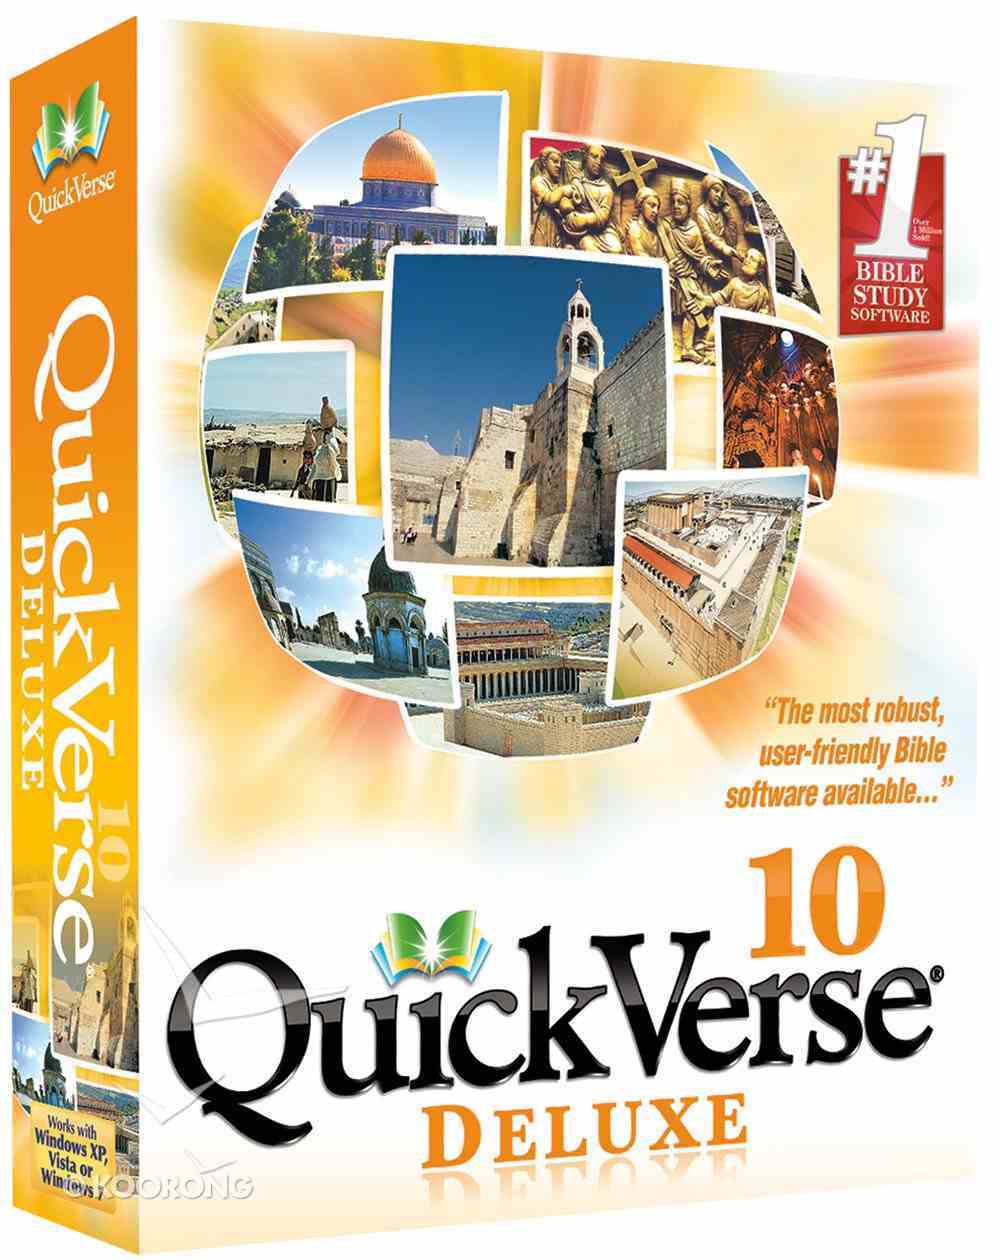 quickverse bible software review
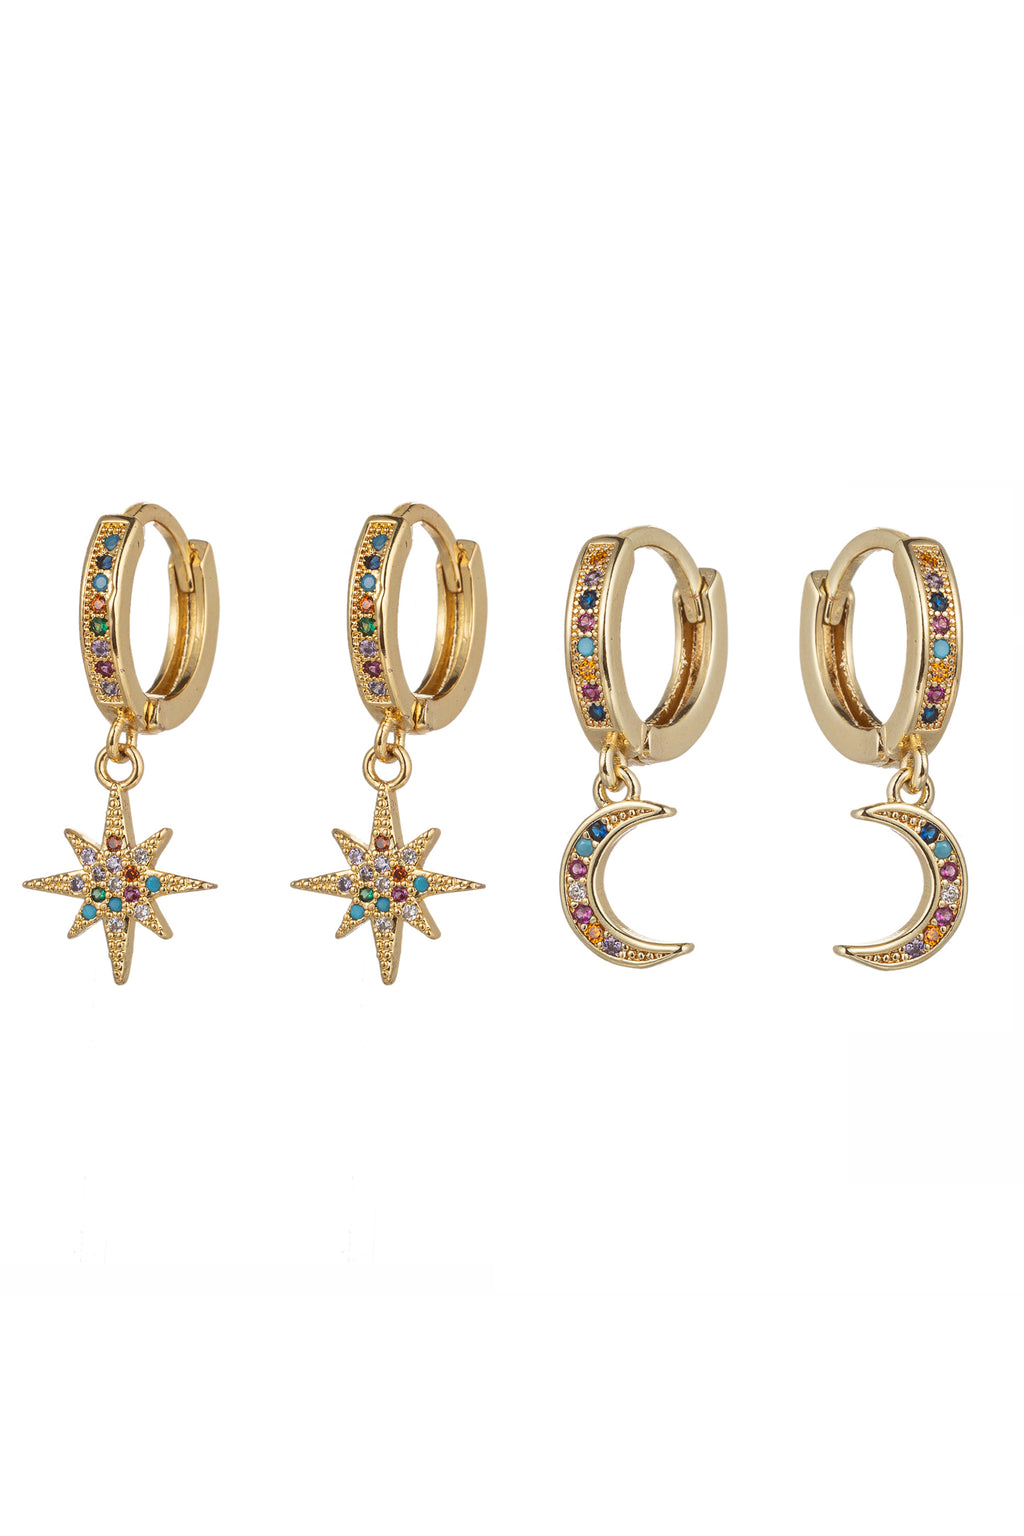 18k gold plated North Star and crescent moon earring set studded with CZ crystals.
______
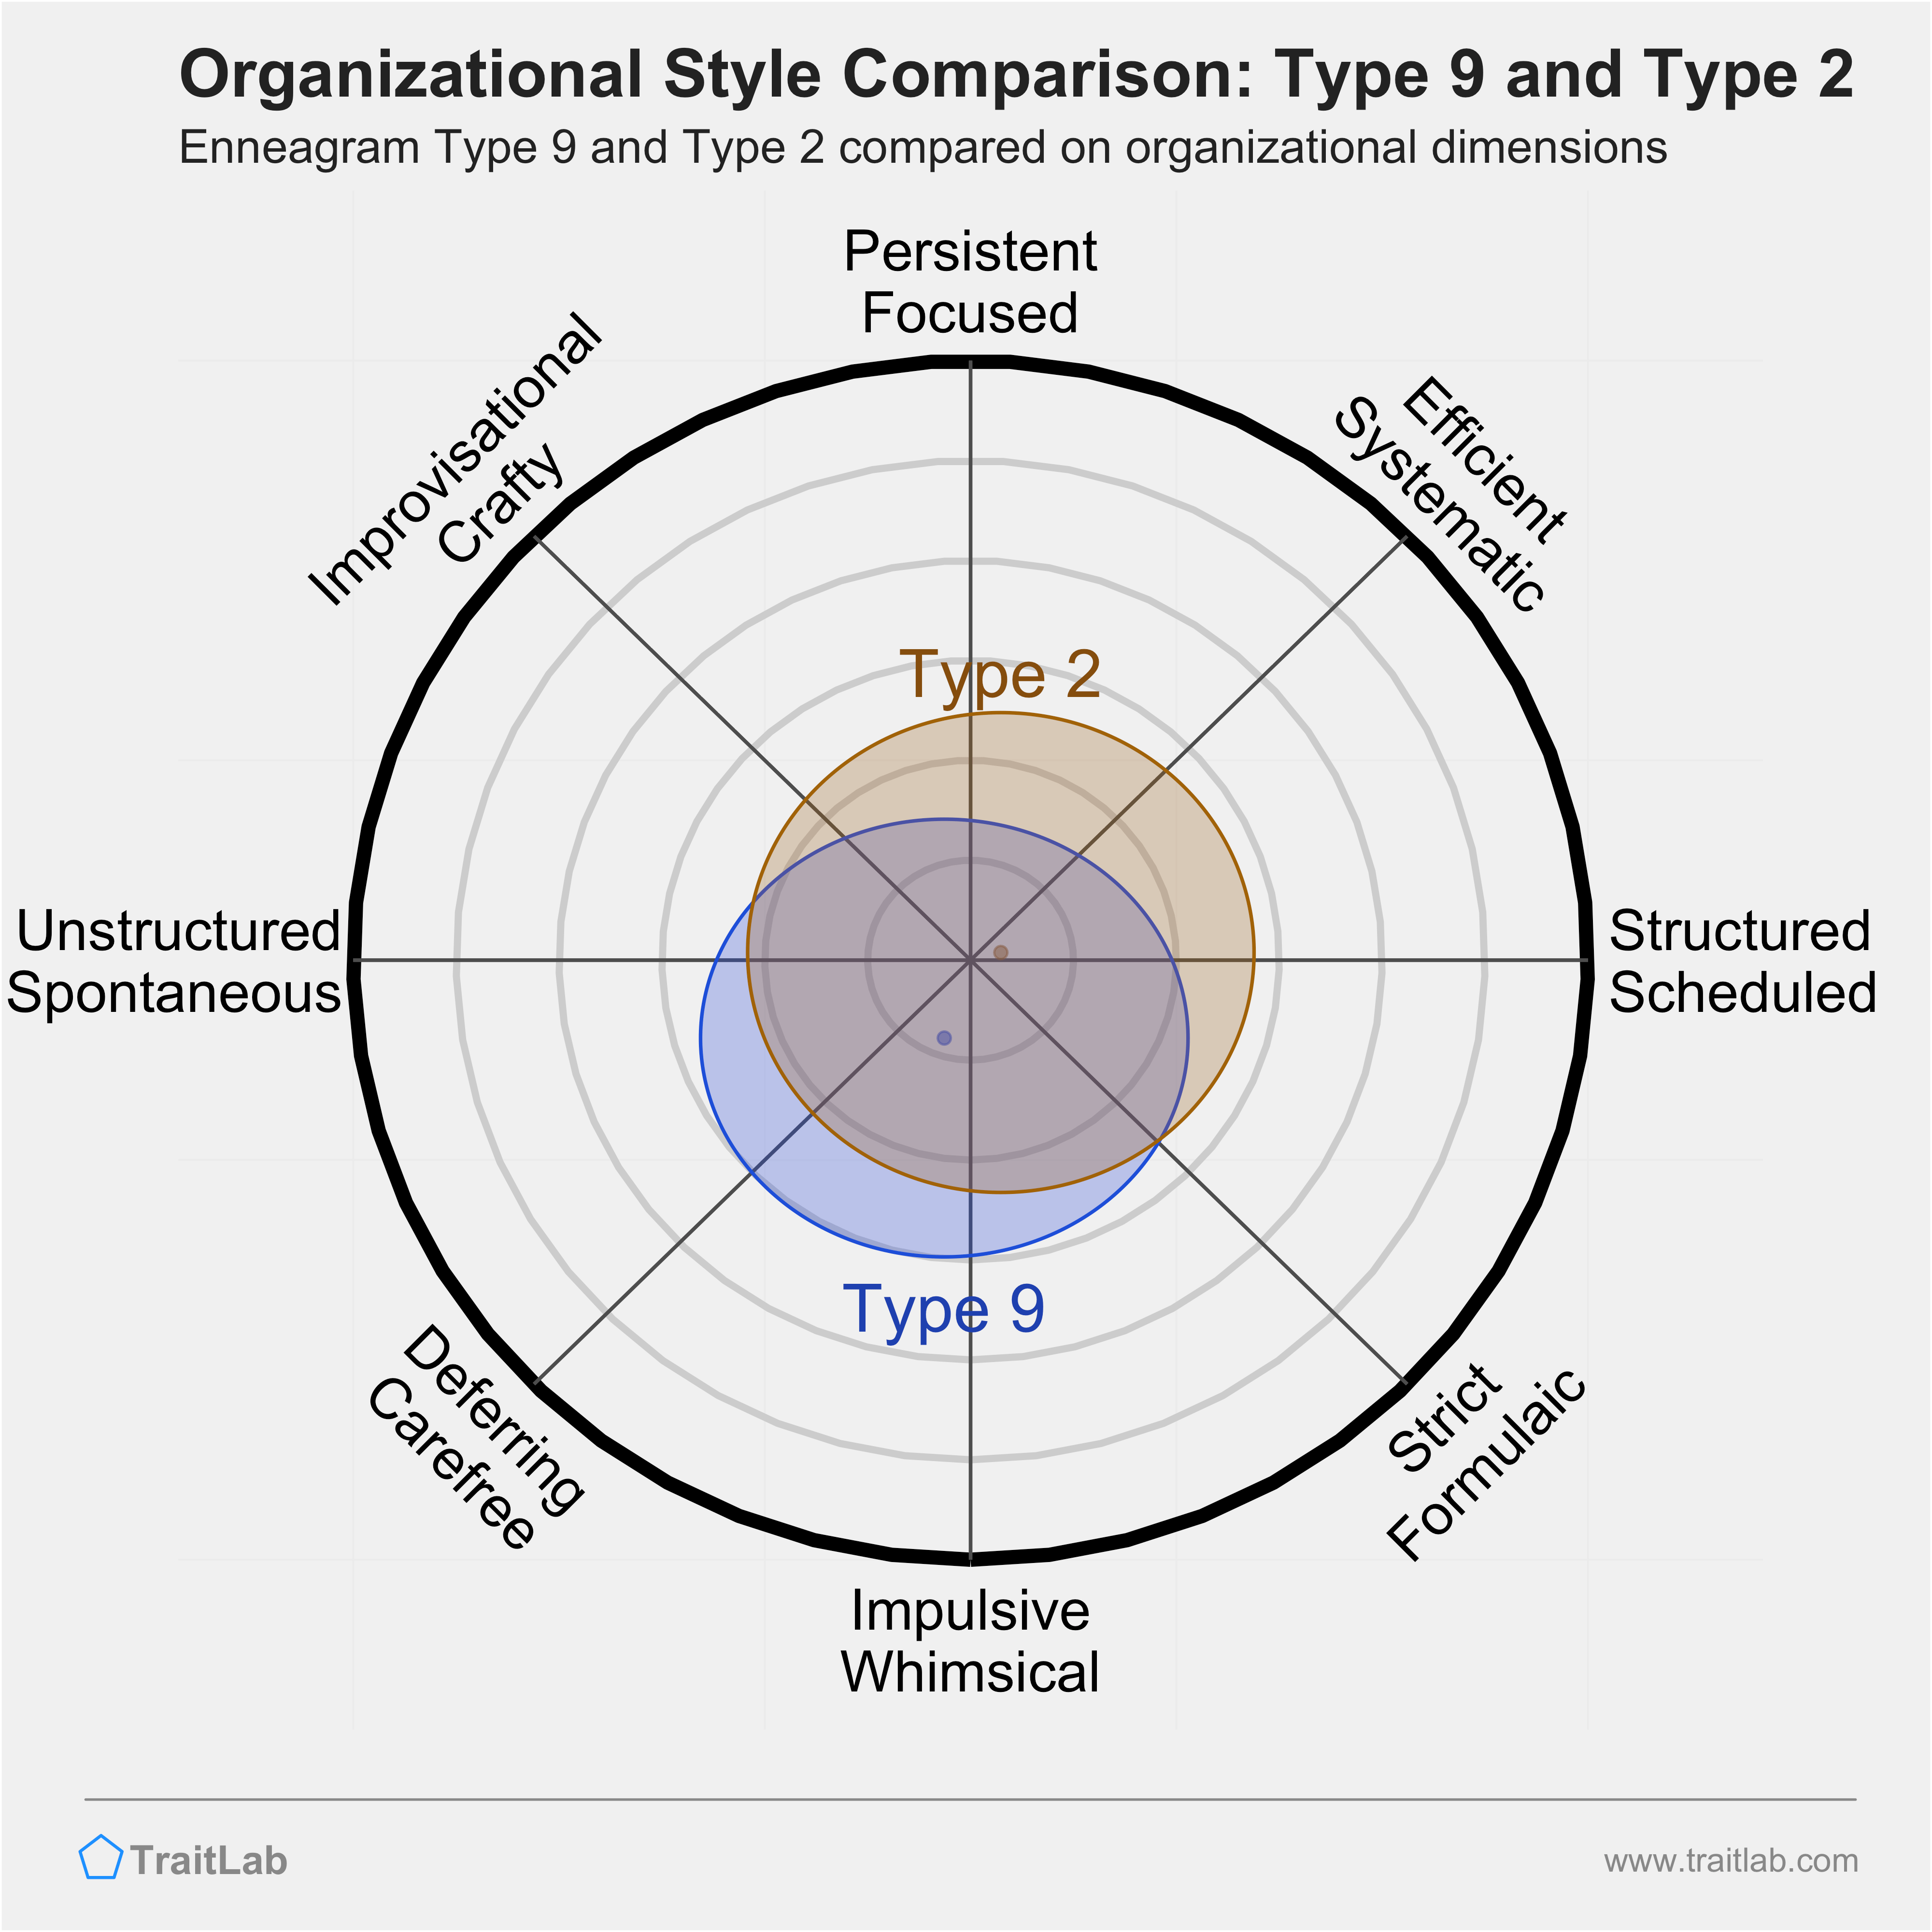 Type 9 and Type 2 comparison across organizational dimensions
______
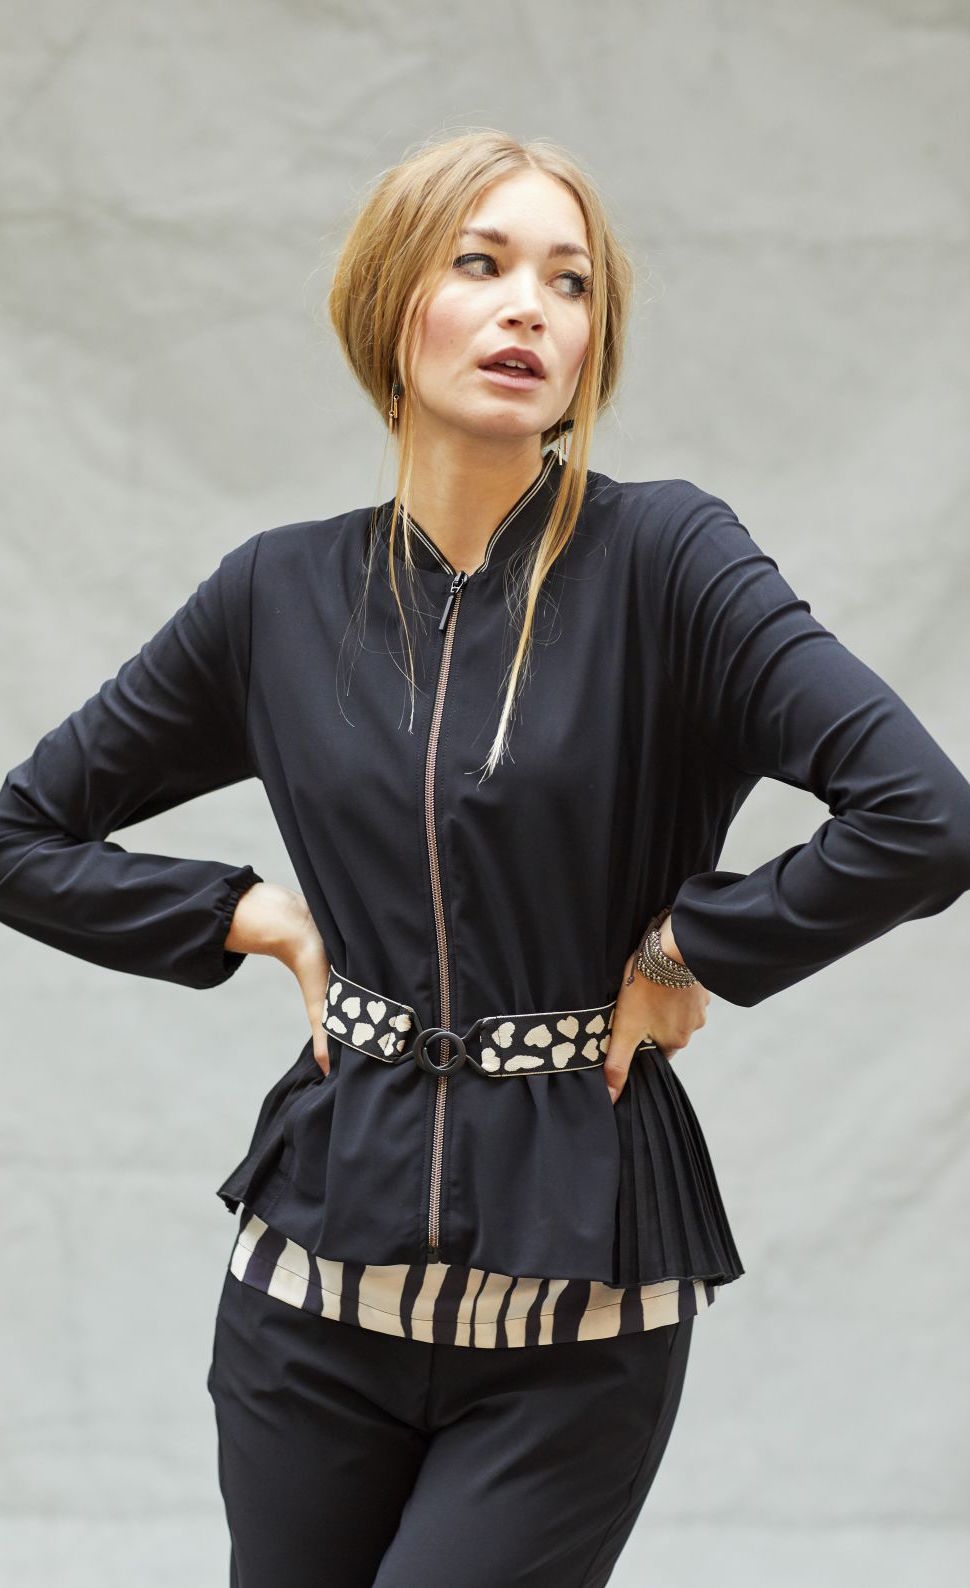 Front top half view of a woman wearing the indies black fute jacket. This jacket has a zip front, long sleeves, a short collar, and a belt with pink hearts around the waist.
______
Task to carry out: Extract the part of the records that opens with the line containing "quickverse bible software review" and closes with the line containing "18k gold plated". Take only those lines, exactly, and no pictures.

Output below:
 quickverse bible software review
 18k gold plated North Star and crescent moon earring set studded with CZ crystals.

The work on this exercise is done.